** Data for this task follows **

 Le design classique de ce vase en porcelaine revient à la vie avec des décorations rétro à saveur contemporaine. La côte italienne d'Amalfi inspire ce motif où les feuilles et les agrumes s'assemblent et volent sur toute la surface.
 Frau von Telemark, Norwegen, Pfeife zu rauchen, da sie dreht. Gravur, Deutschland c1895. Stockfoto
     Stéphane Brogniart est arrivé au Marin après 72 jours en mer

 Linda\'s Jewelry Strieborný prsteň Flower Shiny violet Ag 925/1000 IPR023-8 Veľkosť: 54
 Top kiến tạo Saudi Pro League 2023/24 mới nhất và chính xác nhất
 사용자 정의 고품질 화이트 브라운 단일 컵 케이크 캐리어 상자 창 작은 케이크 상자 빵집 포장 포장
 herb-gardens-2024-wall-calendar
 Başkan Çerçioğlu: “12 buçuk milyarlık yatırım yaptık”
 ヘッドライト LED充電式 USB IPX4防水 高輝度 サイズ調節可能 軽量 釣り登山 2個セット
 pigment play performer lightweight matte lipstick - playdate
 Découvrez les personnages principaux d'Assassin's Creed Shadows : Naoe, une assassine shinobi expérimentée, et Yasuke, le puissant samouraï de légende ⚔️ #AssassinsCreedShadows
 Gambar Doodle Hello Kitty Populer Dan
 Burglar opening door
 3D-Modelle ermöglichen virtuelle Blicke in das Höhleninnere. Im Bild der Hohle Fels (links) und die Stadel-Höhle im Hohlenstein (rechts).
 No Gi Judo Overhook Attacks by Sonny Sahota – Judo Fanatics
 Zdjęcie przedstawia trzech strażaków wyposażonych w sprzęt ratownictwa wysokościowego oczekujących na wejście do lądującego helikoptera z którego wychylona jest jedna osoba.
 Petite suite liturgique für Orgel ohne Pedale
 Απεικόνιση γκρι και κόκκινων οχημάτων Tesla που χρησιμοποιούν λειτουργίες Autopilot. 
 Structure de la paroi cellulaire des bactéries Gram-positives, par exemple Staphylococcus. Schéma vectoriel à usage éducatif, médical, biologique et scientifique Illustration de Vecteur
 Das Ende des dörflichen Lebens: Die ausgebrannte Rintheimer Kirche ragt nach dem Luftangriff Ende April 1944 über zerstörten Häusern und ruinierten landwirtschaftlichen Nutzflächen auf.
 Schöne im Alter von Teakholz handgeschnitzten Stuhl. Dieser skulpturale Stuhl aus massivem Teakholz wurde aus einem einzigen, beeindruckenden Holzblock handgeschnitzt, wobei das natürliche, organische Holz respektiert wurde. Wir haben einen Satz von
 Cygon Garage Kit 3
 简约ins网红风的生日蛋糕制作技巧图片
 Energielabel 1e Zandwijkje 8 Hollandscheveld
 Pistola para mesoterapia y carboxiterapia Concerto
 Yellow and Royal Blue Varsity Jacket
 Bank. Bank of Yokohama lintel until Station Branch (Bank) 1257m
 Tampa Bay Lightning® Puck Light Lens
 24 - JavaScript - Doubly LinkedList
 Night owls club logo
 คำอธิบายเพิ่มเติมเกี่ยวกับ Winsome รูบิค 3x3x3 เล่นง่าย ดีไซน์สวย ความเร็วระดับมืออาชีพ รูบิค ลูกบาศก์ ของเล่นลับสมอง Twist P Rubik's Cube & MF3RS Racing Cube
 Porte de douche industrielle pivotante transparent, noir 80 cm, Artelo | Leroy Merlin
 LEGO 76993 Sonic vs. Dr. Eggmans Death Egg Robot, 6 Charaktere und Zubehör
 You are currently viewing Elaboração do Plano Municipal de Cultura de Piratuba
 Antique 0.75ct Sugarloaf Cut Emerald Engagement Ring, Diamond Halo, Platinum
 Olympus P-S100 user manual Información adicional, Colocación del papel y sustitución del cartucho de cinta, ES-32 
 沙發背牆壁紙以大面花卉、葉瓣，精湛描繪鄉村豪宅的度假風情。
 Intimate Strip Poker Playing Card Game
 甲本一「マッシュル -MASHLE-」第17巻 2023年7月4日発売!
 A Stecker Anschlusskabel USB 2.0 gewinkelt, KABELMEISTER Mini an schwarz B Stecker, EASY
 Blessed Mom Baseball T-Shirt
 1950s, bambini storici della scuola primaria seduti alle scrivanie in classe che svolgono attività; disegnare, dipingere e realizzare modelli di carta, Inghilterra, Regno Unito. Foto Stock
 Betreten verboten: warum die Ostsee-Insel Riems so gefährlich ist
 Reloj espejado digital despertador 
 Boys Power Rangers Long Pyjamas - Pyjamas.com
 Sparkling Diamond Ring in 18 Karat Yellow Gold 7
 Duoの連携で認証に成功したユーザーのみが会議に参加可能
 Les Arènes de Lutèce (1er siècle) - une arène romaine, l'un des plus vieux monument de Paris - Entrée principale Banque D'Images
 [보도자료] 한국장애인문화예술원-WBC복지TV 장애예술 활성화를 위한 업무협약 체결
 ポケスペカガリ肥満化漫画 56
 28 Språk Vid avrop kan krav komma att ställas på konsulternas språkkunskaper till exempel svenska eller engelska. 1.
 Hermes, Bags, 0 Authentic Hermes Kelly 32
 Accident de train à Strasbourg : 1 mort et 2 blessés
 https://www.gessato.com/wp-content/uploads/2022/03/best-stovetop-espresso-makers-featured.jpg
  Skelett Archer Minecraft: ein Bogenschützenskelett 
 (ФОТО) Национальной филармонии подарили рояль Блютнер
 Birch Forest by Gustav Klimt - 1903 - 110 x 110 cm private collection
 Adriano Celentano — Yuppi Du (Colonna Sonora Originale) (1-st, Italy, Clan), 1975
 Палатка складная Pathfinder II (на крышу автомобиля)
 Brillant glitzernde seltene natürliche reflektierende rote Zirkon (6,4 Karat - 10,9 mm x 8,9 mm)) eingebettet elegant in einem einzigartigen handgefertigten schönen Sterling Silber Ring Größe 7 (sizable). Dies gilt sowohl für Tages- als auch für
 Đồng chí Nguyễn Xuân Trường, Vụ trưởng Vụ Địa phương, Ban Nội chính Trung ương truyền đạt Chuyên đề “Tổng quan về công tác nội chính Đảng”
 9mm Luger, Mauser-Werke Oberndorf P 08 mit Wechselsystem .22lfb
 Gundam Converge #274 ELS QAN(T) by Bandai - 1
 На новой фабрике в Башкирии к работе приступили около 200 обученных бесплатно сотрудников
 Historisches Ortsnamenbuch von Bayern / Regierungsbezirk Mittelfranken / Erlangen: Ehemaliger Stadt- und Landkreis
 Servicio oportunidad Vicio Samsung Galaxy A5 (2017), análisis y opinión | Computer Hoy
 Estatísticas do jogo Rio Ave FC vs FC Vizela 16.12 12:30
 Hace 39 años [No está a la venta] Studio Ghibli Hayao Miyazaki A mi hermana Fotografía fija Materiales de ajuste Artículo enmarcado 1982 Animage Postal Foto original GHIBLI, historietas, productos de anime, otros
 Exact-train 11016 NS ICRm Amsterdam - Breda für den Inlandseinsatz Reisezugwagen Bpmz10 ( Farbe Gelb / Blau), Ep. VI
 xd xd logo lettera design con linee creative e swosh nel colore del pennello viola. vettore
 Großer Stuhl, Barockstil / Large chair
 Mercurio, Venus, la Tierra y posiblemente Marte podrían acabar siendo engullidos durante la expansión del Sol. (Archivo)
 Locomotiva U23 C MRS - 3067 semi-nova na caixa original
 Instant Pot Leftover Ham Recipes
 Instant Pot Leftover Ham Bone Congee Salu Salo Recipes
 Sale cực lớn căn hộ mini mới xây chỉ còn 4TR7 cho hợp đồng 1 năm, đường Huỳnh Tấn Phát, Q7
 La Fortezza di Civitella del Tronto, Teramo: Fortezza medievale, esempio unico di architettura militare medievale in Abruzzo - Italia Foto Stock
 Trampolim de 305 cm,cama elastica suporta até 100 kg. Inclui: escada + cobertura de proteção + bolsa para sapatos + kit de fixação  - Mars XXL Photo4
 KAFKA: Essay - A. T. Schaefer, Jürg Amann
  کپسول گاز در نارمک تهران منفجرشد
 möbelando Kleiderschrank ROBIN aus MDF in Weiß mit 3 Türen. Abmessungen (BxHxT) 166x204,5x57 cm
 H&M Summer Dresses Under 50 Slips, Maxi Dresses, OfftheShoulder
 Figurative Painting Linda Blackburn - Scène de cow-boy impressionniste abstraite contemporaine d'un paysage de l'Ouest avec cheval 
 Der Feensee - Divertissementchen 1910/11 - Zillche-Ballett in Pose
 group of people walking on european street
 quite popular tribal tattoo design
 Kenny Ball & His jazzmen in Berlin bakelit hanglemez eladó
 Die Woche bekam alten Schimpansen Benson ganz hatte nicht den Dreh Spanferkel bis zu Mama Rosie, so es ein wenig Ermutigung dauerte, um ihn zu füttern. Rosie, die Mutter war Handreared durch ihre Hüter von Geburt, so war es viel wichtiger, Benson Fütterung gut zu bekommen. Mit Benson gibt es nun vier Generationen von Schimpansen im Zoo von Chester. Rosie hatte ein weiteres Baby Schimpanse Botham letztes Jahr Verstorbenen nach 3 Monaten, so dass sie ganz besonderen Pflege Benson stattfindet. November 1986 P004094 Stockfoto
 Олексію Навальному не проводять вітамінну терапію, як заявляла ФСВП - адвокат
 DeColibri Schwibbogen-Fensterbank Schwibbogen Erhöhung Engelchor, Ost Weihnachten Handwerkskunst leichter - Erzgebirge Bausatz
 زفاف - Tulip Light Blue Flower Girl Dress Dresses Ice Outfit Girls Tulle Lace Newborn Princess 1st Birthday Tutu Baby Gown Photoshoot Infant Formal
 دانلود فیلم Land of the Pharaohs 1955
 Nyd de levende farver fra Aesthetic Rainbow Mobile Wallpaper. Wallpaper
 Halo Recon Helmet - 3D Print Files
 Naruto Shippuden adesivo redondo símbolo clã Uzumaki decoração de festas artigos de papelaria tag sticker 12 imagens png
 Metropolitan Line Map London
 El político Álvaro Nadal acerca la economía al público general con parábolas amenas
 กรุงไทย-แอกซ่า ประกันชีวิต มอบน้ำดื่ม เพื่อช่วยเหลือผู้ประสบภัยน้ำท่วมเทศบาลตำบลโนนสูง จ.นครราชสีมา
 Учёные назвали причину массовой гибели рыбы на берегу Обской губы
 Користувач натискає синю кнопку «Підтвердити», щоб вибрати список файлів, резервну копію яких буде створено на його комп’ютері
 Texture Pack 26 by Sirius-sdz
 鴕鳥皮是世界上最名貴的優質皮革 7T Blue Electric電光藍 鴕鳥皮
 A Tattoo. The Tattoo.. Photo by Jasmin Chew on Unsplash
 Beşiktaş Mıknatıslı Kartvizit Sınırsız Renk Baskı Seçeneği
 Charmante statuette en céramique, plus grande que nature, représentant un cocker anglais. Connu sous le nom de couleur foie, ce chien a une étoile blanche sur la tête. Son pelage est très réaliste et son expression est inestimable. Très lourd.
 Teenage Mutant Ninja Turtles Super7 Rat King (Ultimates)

** End of Data for this task **

Beginning at the line above with "Antique 0.75ct Sugarloaf" and finishing at the line with "沙發背牆壁紙以大面花卉、葉瓣，精湛描繪鄉村豪宅的度假風情。", return each line exactly and return nothing else.

> Result of this task
 Antique 0.75ct Sugarloaf Cut Emerald Engagement Ring, Diamond Halo, Platinum
 Olympus P-S100 user manual Información adicional, Colocación del papel y sustitución del cartucho de cinta, ES-32 
 沙發背牆壁紙以大面花卉、葉瓣，精湛描繪鄉村豪宅的度假風情。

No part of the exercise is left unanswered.